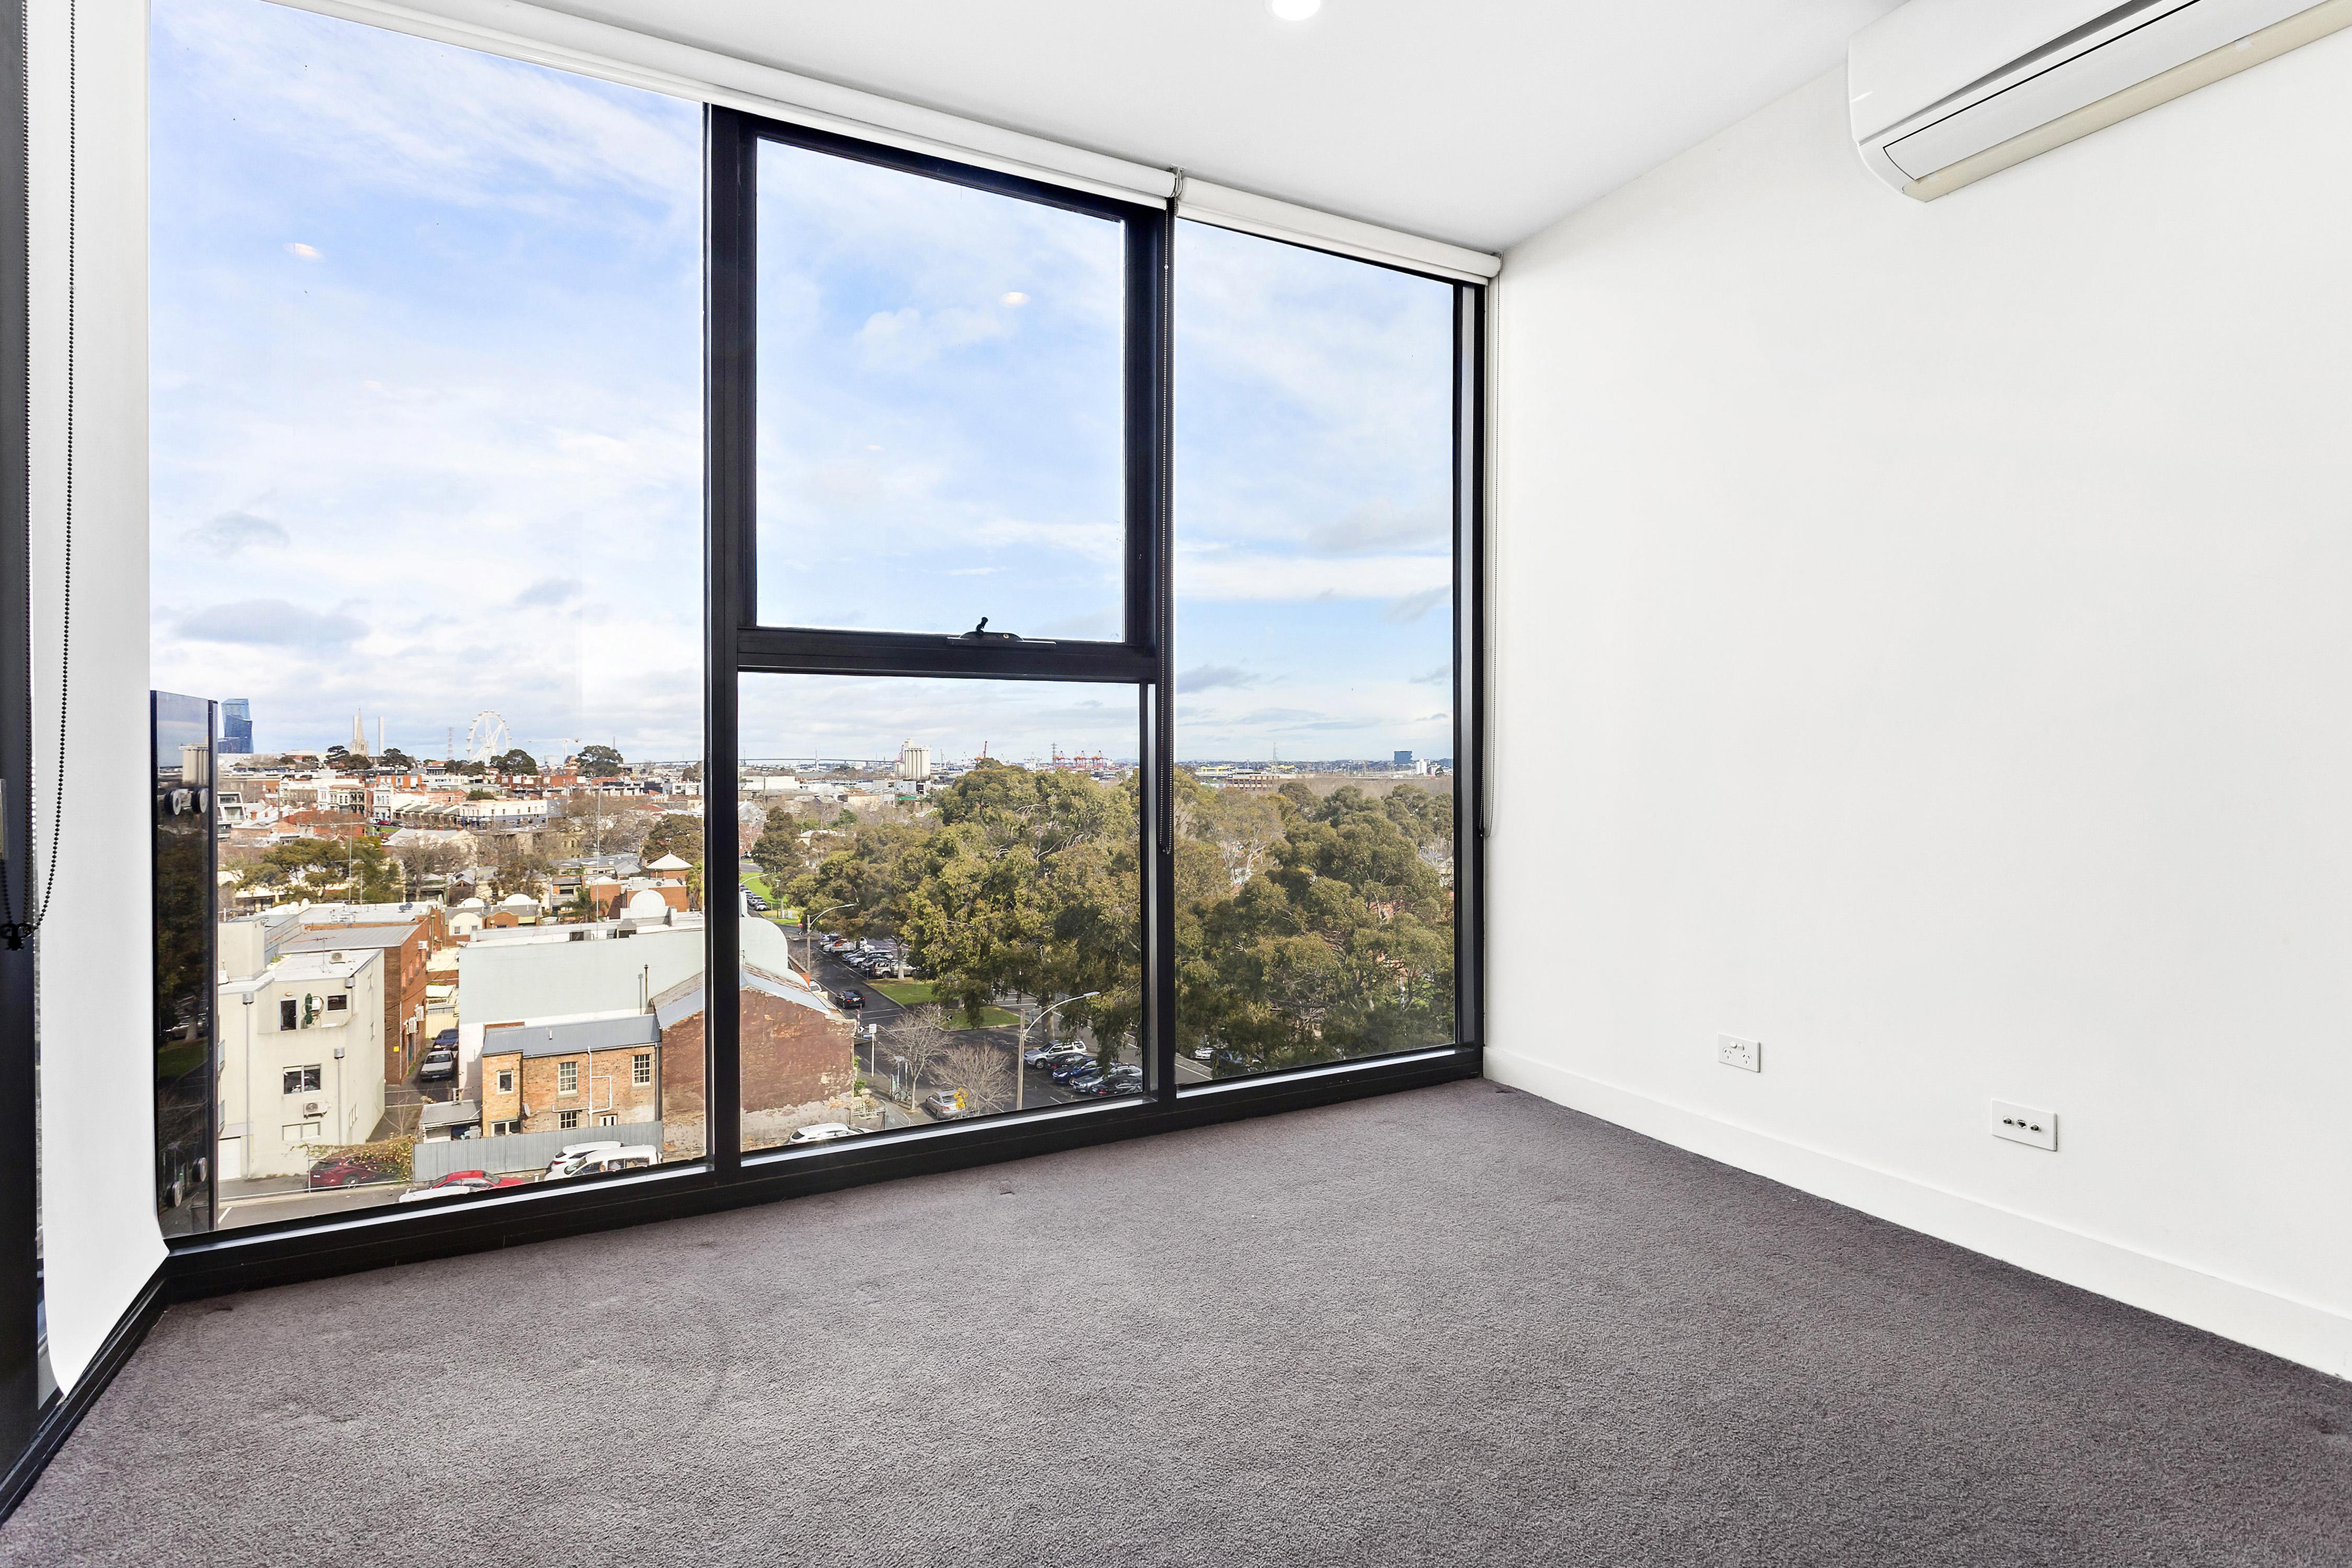 108-97-flemington-road-north-melbourne-student-accommodation-Melbourne-Bedroom-Unilodgers
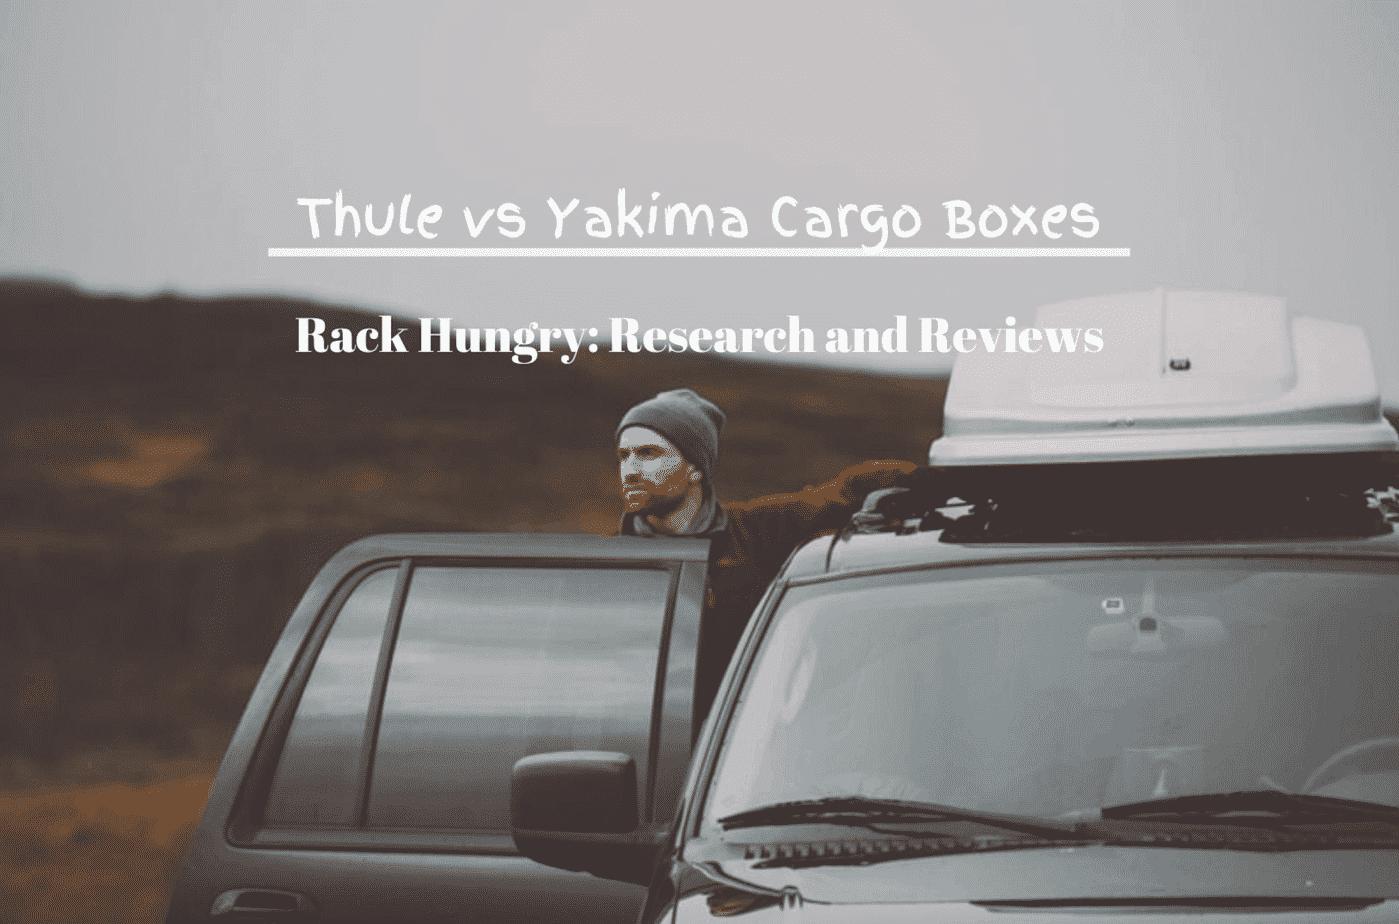 Thule vs Yakim Cargo Boxes
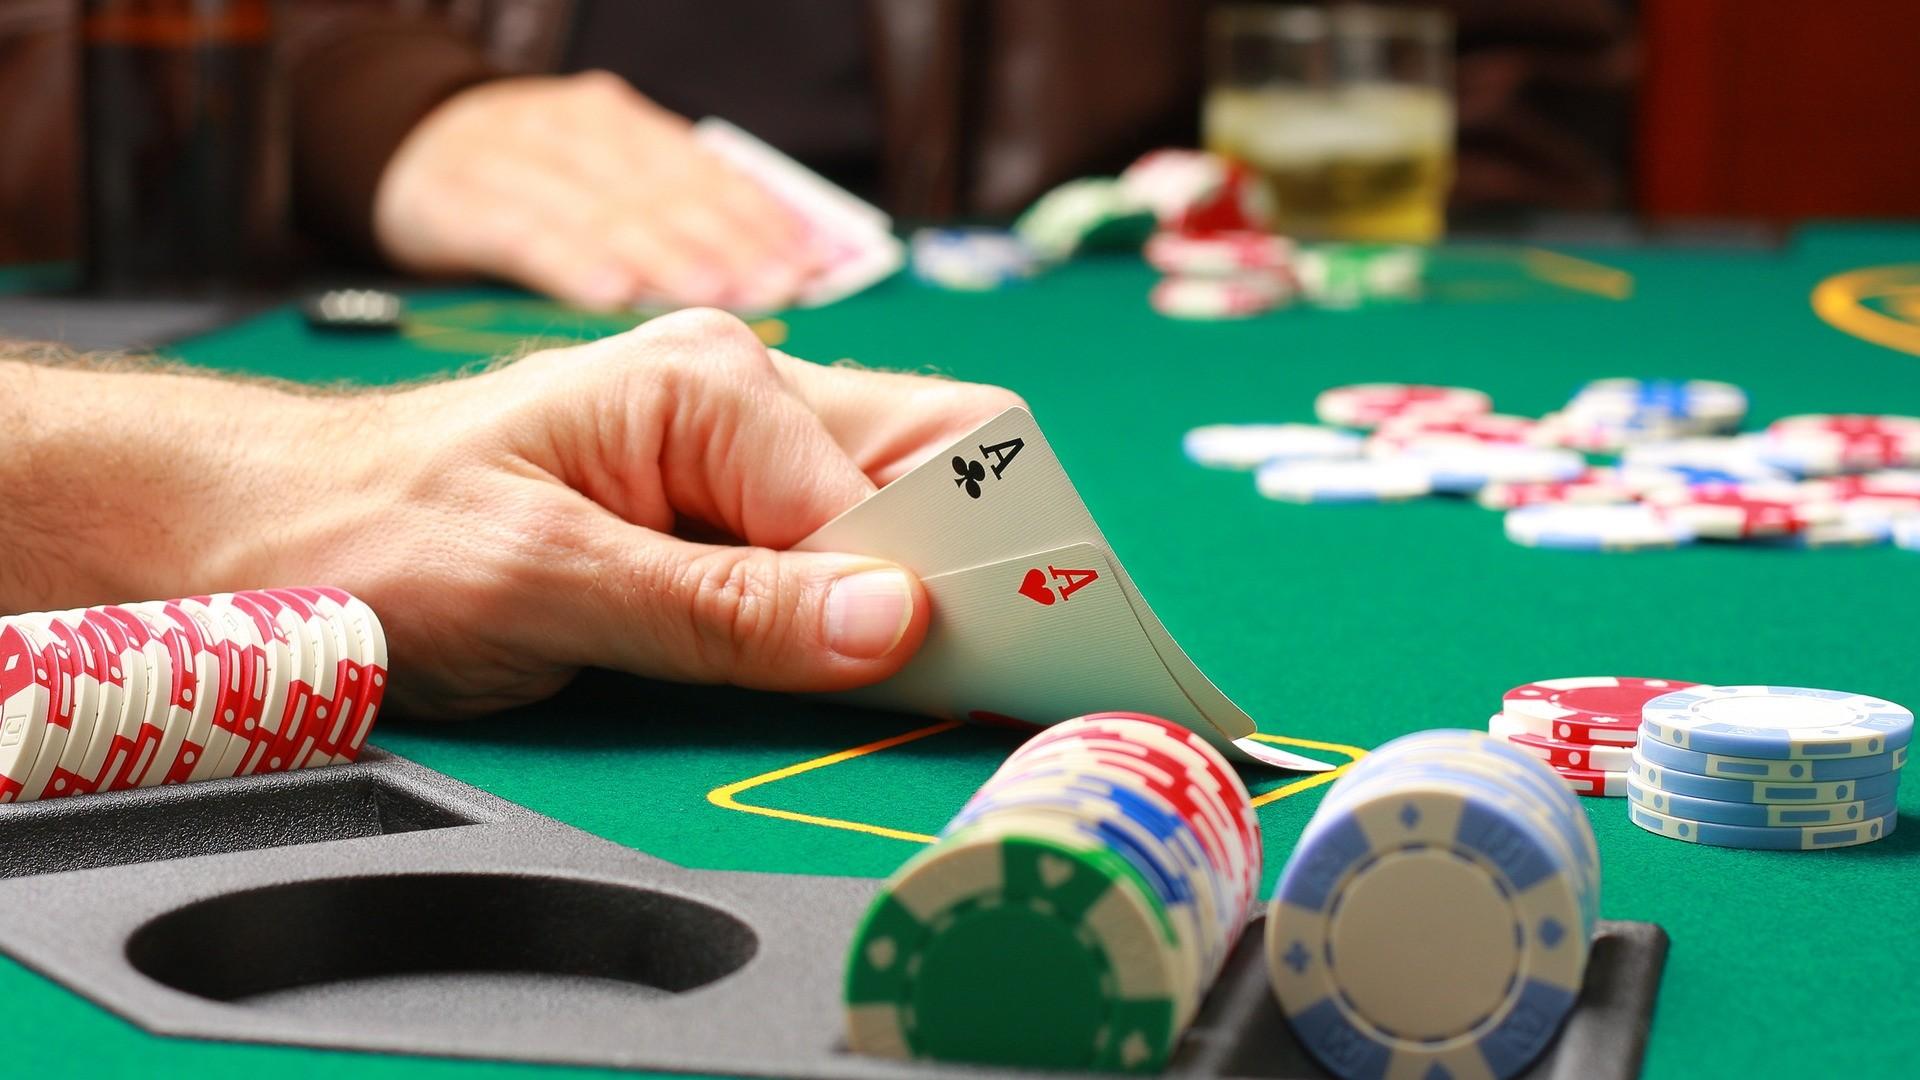 Hasil gambar untuk texas holdem poker

> [Your objective]: Keep the pictures out of your answer, which should be the lines from the one with "Thule vs Yakim Cargo Boxes" through the final line of the data, copied exactly.

> [Answer box]:
 Thule vs Yakim Cargo Boxes
 Hasil gambar untuk texas holdem poker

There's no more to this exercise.